#### Input data

--- START ---

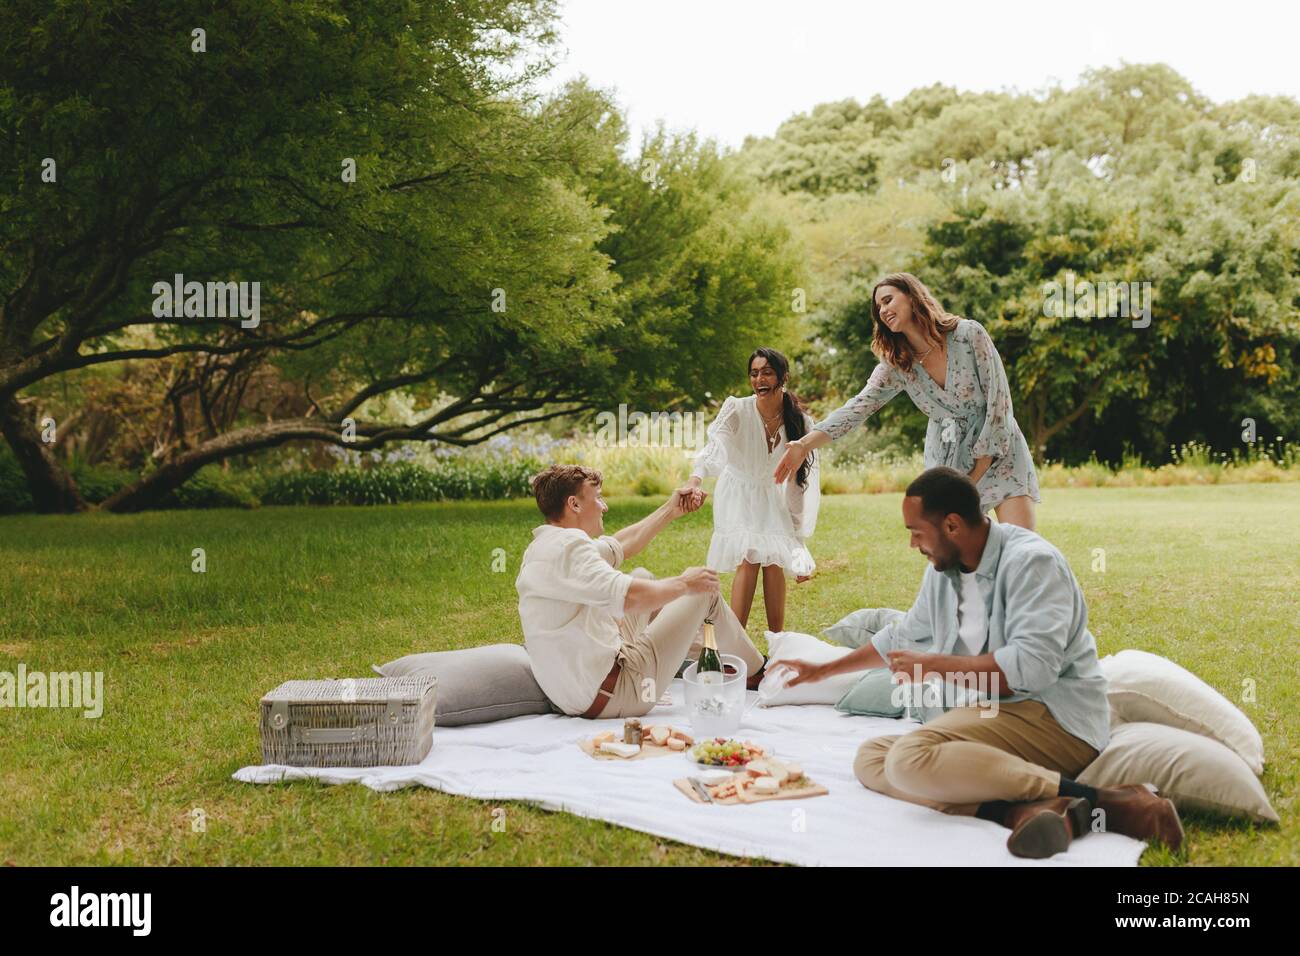 Eine Gruppe von Freunden, die im Park picknicken. Multiethnische Gruppe von jungen Menschen im Park mit Picknick. Stockfoto
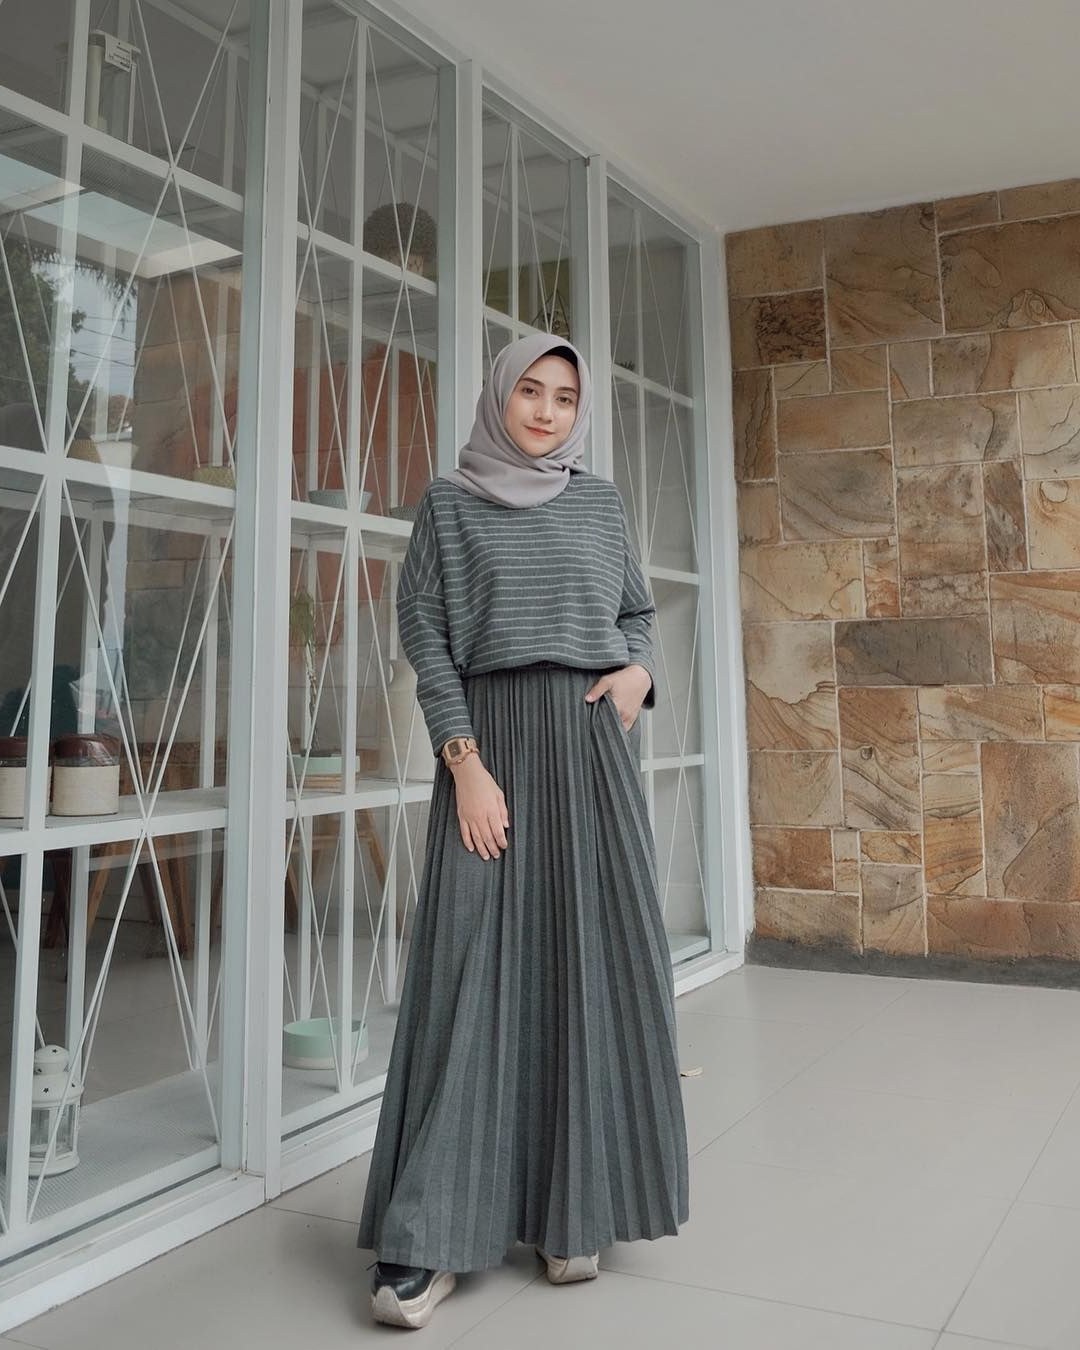 Design Model Baju Lebaran 2019 Terbaru Fmdf Baju Muslim Lebaran Terbaru 2019 Dengan Gambar
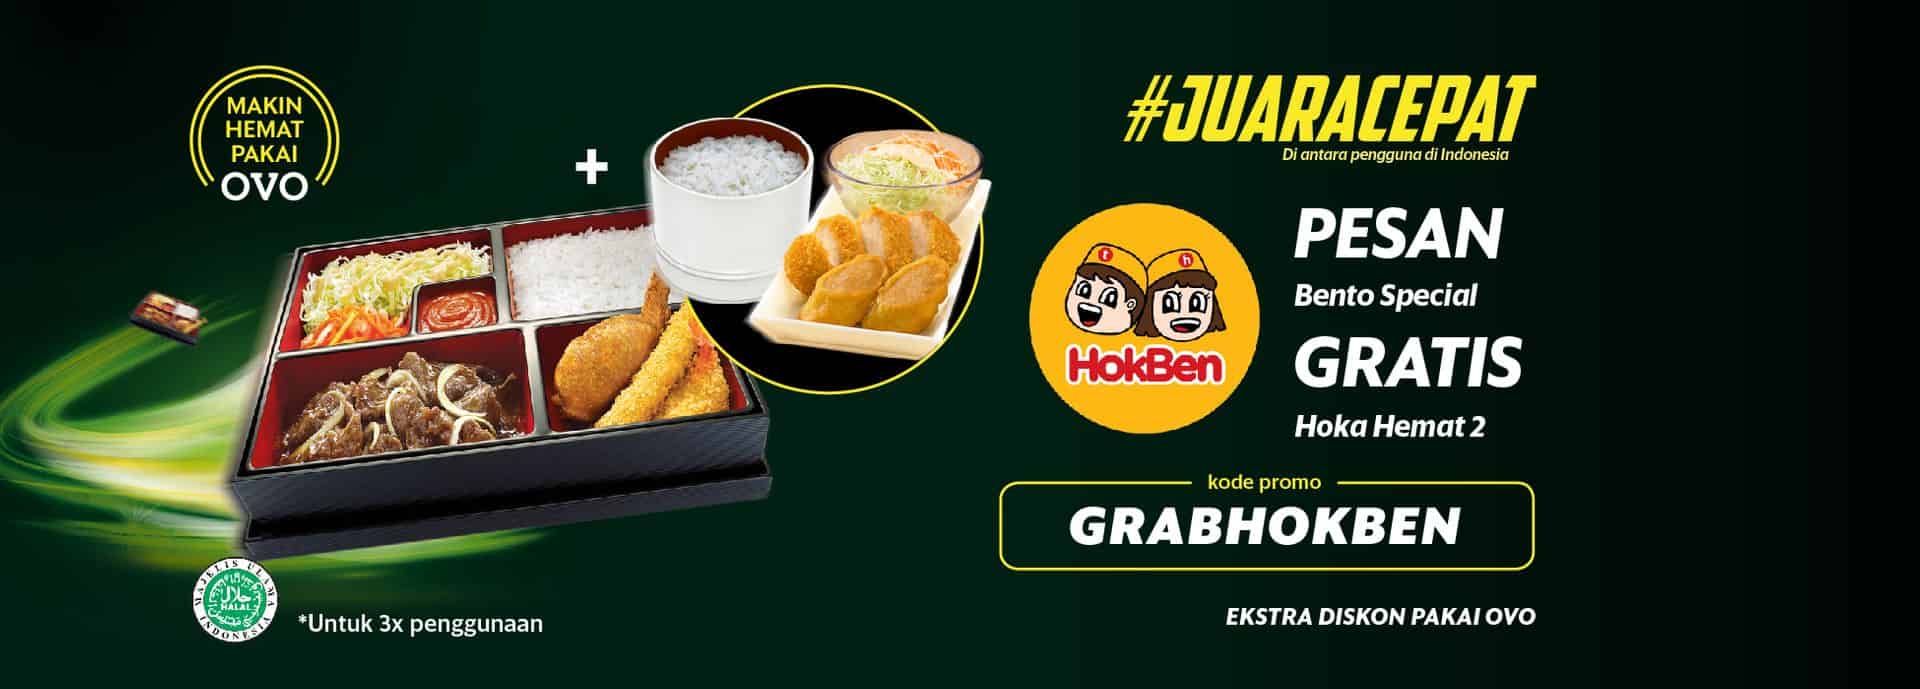 Bisnis Makanan Online Rumahan Grabfood 2019 ...

--- END ---

Everything in the data except the pictures must be transcribed exactly.

#### Response area
 Eine Gruppe von Freunden, die im Park picknicken. Multiethnische Gruppe von jungen Menschen im Park mit Picknick. Stockfoto
 Design Model Baju Lebaran 2019 Terbaru Fmdf Baju Muslim Lebaran Terbaru 2019 Dengan Gambar
 Bisnis Makanan Online Rumahan Grabfood 2019 ...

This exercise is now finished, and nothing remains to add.